What Is an Eligible Contract Participant?

An eligible contract participant (ECP) is an entity or individual allowed to engage in certain financial transactions that are not open to the average investor. ECPs are often corporations, partnerships, organizations, trusts, brokerage firms, or investors that have total assets in the millions. There are very stringent requirements before one can reach eligible contract participant status.

Key Takeaways

  • An eligible contract participant is allowed to invest in a number of markets that are not typically available to the average investor.
  • Financial institutions, insurance companies, broker-dealers, and investors with more than $10 million in assets can become ECPs.
  • The requirements are fewer if the main activity of the ECP is hedging: $5 million in assets if hedging investment risk and $1 million if hedging commercial risk.
  • The specific guidelines for ECPs are spelled out in Section 1a(18) of the Commodity Exchange Act.

Understanding Eligible Contract Participants

The Commodity Exchange Act outlines the qualifications for ECP eligibility (in Section 1a(18) of the CEA).
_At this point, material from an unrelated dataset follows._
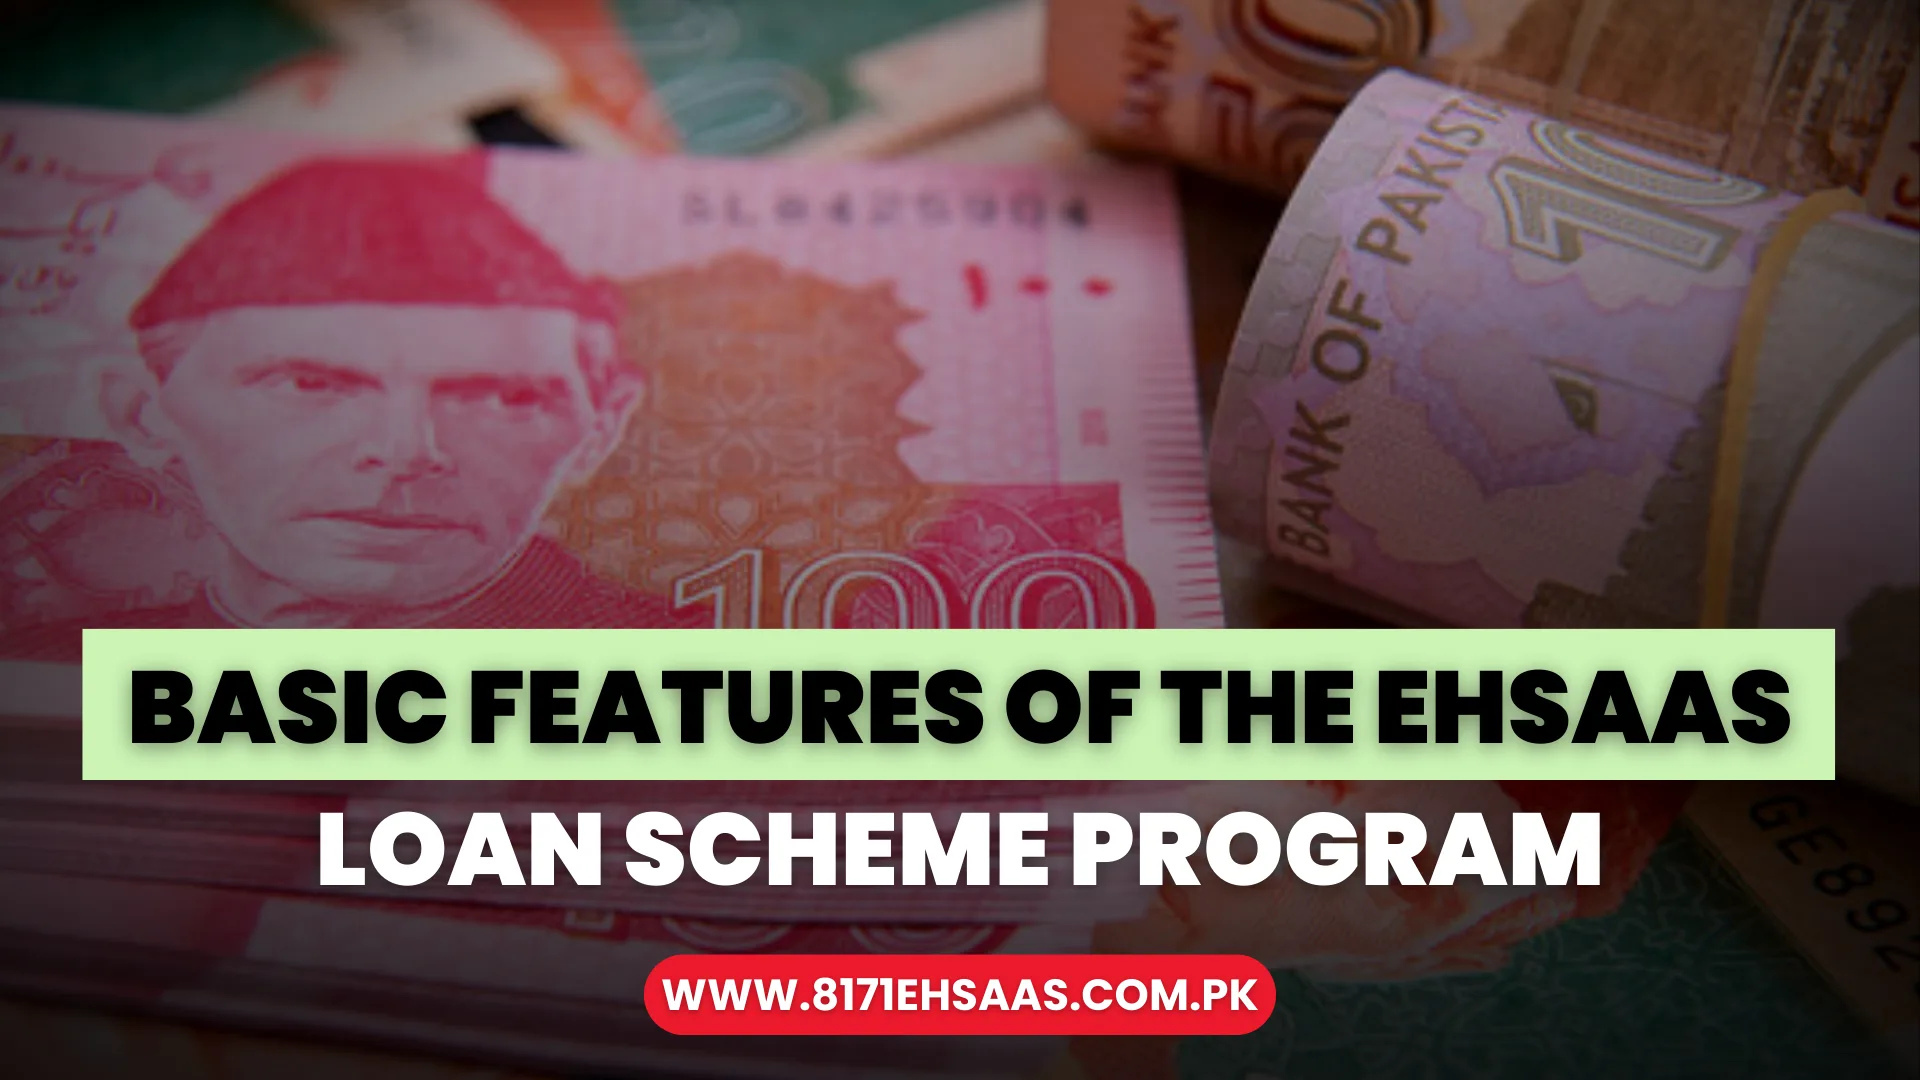 Basic Features of the Ehsaas Loan Scheme Program

Eligible contract participants—like financial institutions, insurance companies, and investment management firms—have sufficient regulatory status, but others can become ECPs as well. These are typically professionals and investing more than $10 million (on a discretionary basis) on behalf of customers.

Eligible contract participants can use margin, which can be used for hedging purposes or in an attempt to achieve higher returns.

While the minimum for individuals, partnerships, and corporations to become an ECP is $10 million in assets, that figure drops to $5 million if the ECP contract is being used to hedge risk. Government entities, broker-dealers, and commodity pools (with more than $5 million of assets under management) are sometimes eligible contract participants as well.

ECPs are allowed to use margin after meeting certain requirements. First, the amount invested, on a discretionary basis, must exceed $5 million. Second, the purpose of margin trading is to manage the risk of an existing asset or liability.

An ECP typically uses margin, not to enhance returns, but to reduce the risk of an existing asset or position. That is, the ECP is using margin to create protective positions or hedges that reduce risks associated with existing holdings.

Advantages and Disadvantages of ECPs

The Dodd-Frank Wall Street Reform and Consumer Protection Act, which was enacted in response to the financial crisis in 2008, prohibits non-ECPs from engaging in certain over-the-counter derivative transactions. The requirements were put in place as part of a broader effort intended to help prevent a repeat of the financial crisis, which was partly blamed on the growing use of derivatives. An eligible contract participant, on the other hand, is allowed to engage in the derivatives market for different purposes, including to hedge or manage risk.

In sum, an eligible contract participant has a wider range of investment choices and financial options compared to a standard investor. An ECP can engage in complex stock or futures transactions such as hedging, block trades, structured products, excluded commodities (with no cash market), and other derivative transactions.